The controversy over density in the village is related to the fate of the Sonesta hotel property on the eastern side of the island.

There are several large condominium and hotel complexes on Key Biscayne, including
 The Ritz-Carlton Hotel
 The Grand Bay
 The Ocean Club
 The Key Colony complex of four buildings, Botanica, EmeraldBay, Oceansound, and Tidemark. The Botanica building has some units that allow short-term rentals
 The Towers of Key Biscayne
 Casa del Mar is the tallest building—27 floors
 Oceana is the newest building, constructed in the land of old Sonesta Hotel

Media
The Islander News is a weekly community newspaper serving Key Biscayne. The estimated circulation in 2020 was 3,600.

Key Biscayne Magazine is a lifestyle magazine published in Miami by TAG Media, publishers of Brickell Magazine. The circulation of the magazine was about 10,000 in 2020.

Education

Miami-Dade County Public Schools serves Key Biscayne. The Key Biscayne K–8 Center serves Key Biscayne.  Middle school students may attend Ponce de Leon Middle School in Coral Gables instead of the Key Biscayne School.

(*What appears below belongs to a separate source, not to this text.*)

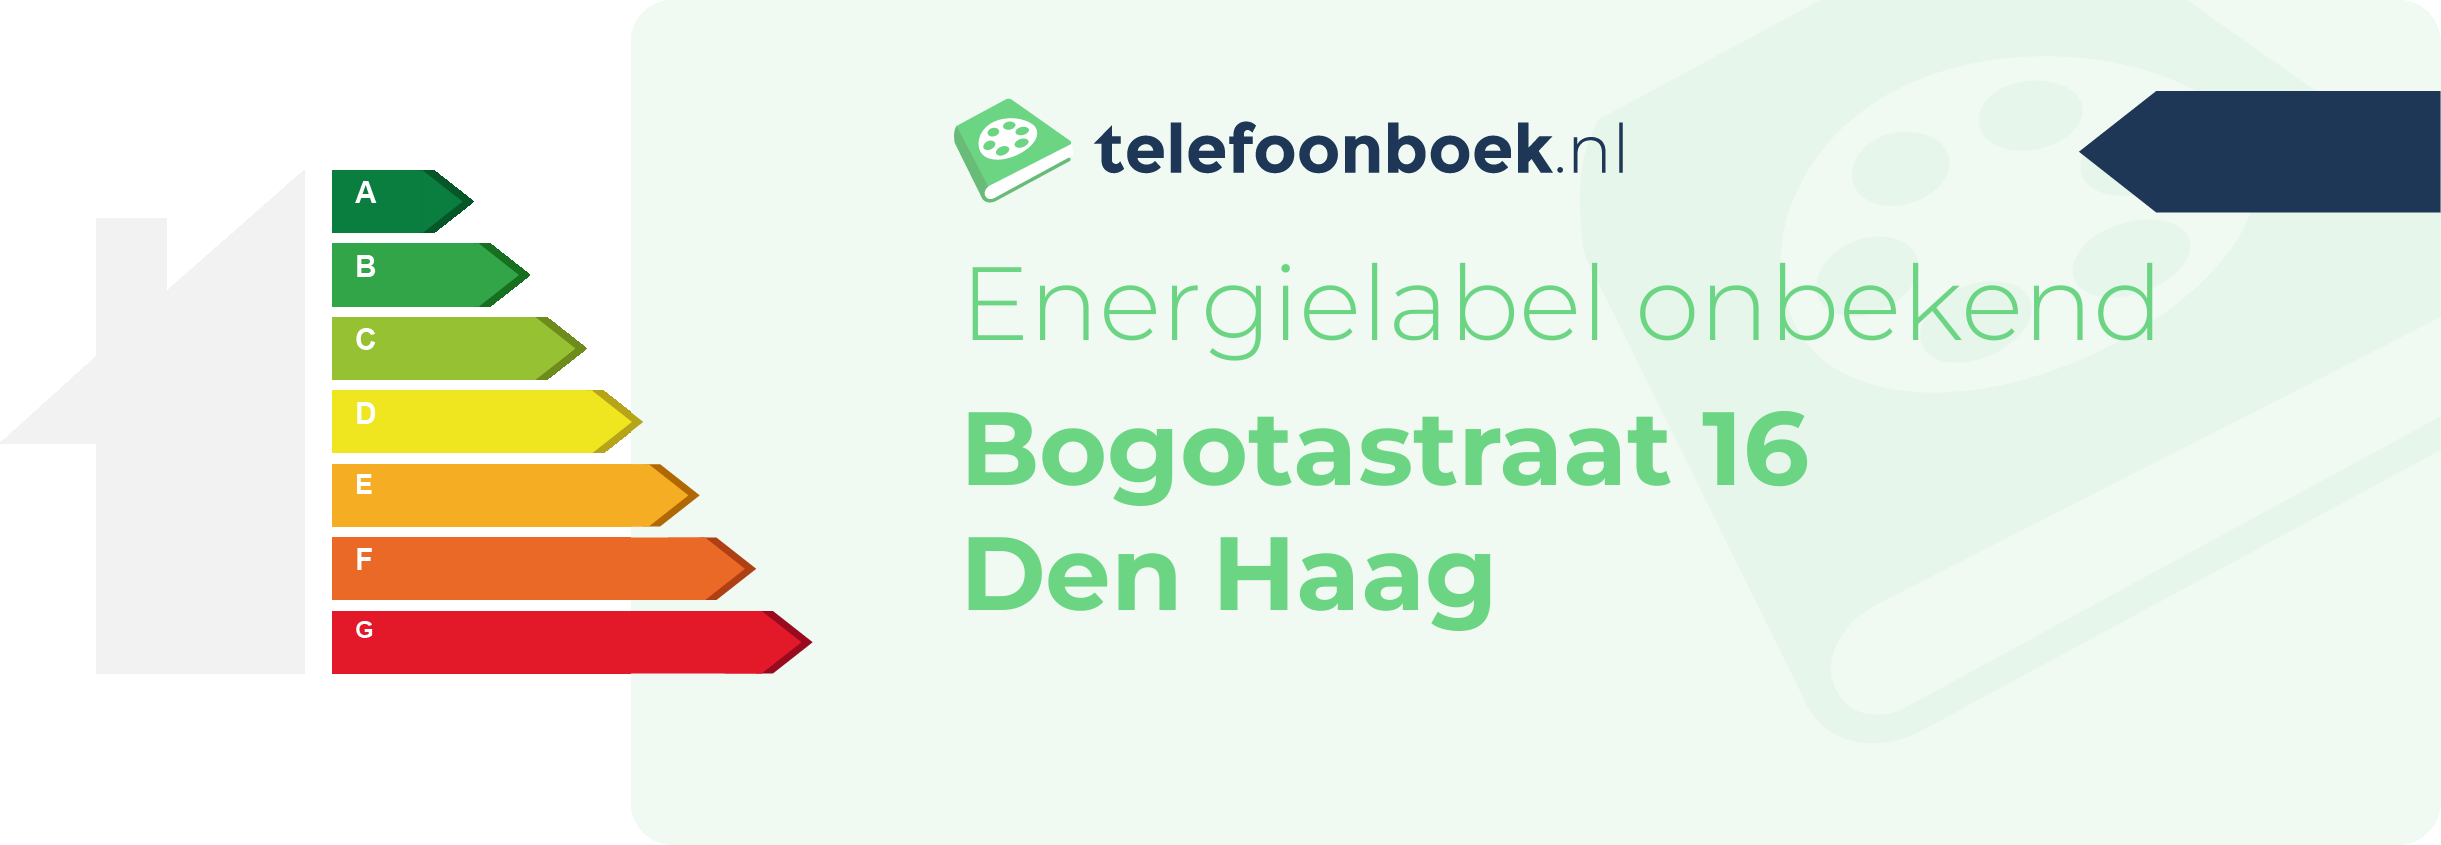 Energielabel Bogotastraat 16 Den Haag

High school students are zoned to Coral Gables Senior High School.

MAST Academy, a magnet school on Virginia Key, has since 2012 given eligible Key Biscayne residents priority in filling 1,100 seats in the school's Cambridge program.

The Miami-Dade Public Library System operates the  Key Biscayne Branch Library. It opened in January 1985.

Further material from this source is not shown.